Establishing our entities

  • 🫂 Entities are the objects and concepts in our data that have dimensions and measures. You can think of them as the nouns of our project, the spines of our queries that we may want to aggregate by, or simply the join keys.
  • 🔀 Entities help MetricFlow understand how various semantic models relate to one another.
  • ⛓️ Unlike many other semantic layers, in MetricFlow we do not need to describe joins explicitly, instead the relationships are implicitly described by entities.
  • 1️⃣ Each semantic model should have one primary entity defined for itself, and any number of foreign entities for other semantic models it may join to.
  • 🫂 Entities require a name and type

Entities in action

If we look at the staging model for orders, we see that it has 3 id columns, so we'll need three entities.

renamed as (

select

---------- ids
id as order_id,
store_id as location_id,
customer as customer_id,

---------- properties
(order_total / 100.0) as order_total,
(tax_paid / 100.0) as tax_paid,

---------- timestamps
ordered_at

from source
  • 👉 We add them with a name, type, and optional expr (expression). The expression can be any valid SQL expression on your platform.
  • 📛 If you don't add an expression, MetricFlow will assume the name is equal to the column name in the underlying logical model.
  • 👍 Our best practices pattern is to, whenever possible, provide a name that is the singular form of the subject or grain of the table, and use expr to specify the precise column name (with _id etc). This will let us write more readable metrics on top of these semantic models.
semantic_models:
- name: orders
...
entities:
# we use the column for the name here because order is a reserved word in SQL
- name: order_id
type: primary
- name: location
type: foreign
expr: location_id
- name: customer
type: foreign
expr: customer_id

dimensions:
...
measures:
...

Defining our dimensions

  • 🧮 Dimensions are the columns that we want to filter and group by, the adjectives of our project. They come in three types:
    • categorical
    • time
    • slowly changing dimensions — these are covered in the documentation, and a little more complex. To focus on building your mental models of MetricFlow's fundamentals, we won't be using SCDs in this guide.
  • ➕ We're not limited to existing columns, we can use the expr property to add simple computations in our dimensions.
  • 📛 Categorical dimensions are the simplest, they simply require a name and type (type being categorical). If the name property matches the name of the dimension column, that's it, you're done. If you want or need to use a name other than the column name, or do some filtering or computation, you can supply an optional expr property to evaluate for the dimension.

Dimensions in action

  • 👀 Let's look at our staging model again and see what fields we have available.
select

---------- ids -> entities
id as order_id,
store_id as location_id,
customer as customer_id,

---------- numerics -> measures
(order_total / 100.0) as order_total,
(tax_paid / 100.0) as tax_paid,

---------- timestamps -> dimensions
ordered_at

from source
  • ⏰ For now the only dimension to add is a time dimension.
  • 🕰️ At least one primary time dimension is required for any semantic models that have measures.
  • 1️⃣ We denote this with the is_primary property, or if there is only a one-time dimension supplied it is primary by default. Below we only have ordered_at as a timestamp so we don't need to specify anything except the maximum granularity we're bucketing to (in this case, day).
dimensions:
- name: ordered_at
expr: date_trunc('day', ordered_at)
# use date_trunc(ordered_at, DAY) if using BigQuery
type: time
type_params:
time_granularity: day
tip

Dimensional models. You may have some models that do not contain measures, just dimensional data that enriches other facts. That's totally fine, a semantic model does not require dimensions or measures, it just needs a primary entity, and if you do have measures, a primary time dimension.

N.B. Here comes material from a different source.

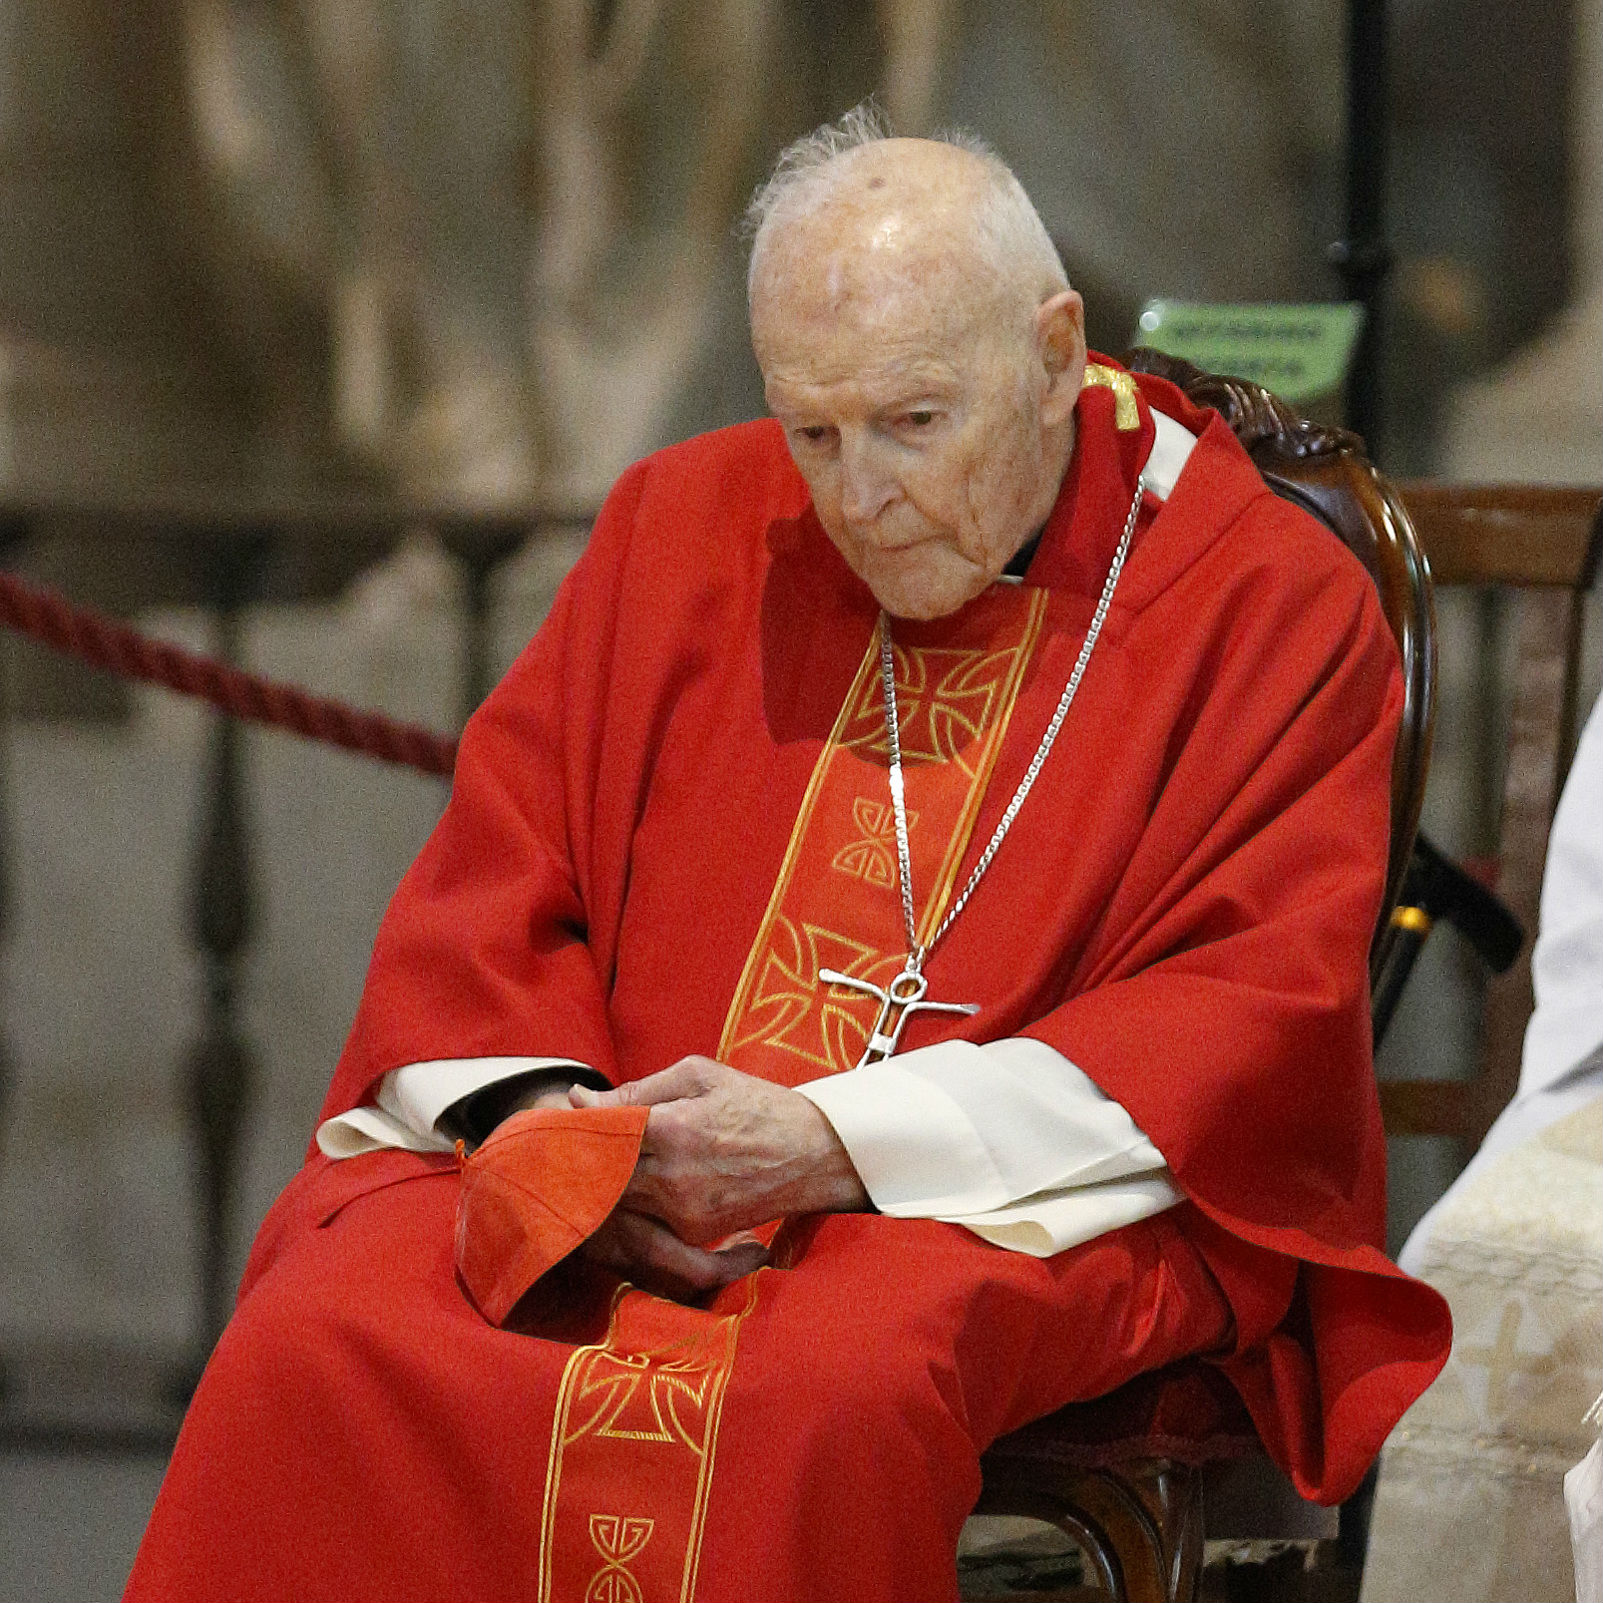 McCarrick removed from priesthood after Vatican find him guilty of abuse

We'll discuss an alternate situation, dimensional tables that have static numeric values like supply costs or tax rates but no time dimensions, later in the Guide.

  • 🔢 We can also make a dimension out of a numeric column that would typically be a measure.
  • 🪣 Using expr we can create buckets of values that we label for our dimension. We'll add one of these in for labeling 'large orders' as any order totals over $50.
...
dimensions:
- name: ordered_at
expr: date_trunc('day', ordered_at)
# use date_trunc(ordered_at, DAY) if using BigQuery
type: time
type_params:
time_granularity: day
- name: is_large_order
type: categorical
expr: case when order_total > 50 then true else false end
...

Making our measures

  • 📏 Measures are the final component of a semantic model. They describe the numeric values that we want to aggregate.
  • 🧱 Measures form the building blocks of metrics, with entities and dimensions helping us combine, group, and filter those metrics correctly.
  • 🏃 You can think of them as something like the verbs of a semantic model.

Measures in action

  • 👀 Let's look at our staging model one last time and see what fields we want to measure.
select

---------- ids -> entities
id as order_id,
store_id as location_id,
customer as customer_id,

---------- numerics -> measures
(order_total / 100.0) as order_total,
(tax_paid / 100.0) as tax_paid,

---------- timestamps -> dimensions
ordered_at

from source
  • ➕ Here order_total and tax paid are the columns we want as measures.
  • 📝 We can describe them via the code below, specifying a name, description, aggregation, and expression.
  • 👍 As before MetricFlow we default to the name being the name of a column when no expression is supplied.
  • 🧮 Many different aggregations are available to us. Here we just want sums.
measures:
- name: order_total
description: The total amount for each order including taxes.
agg: sum
- name: tax_paid
description: The total tax paid on each order.
agg: sum
  • 🆕 We can also create new measures using expressions, for instance adding a count of individual orders as below.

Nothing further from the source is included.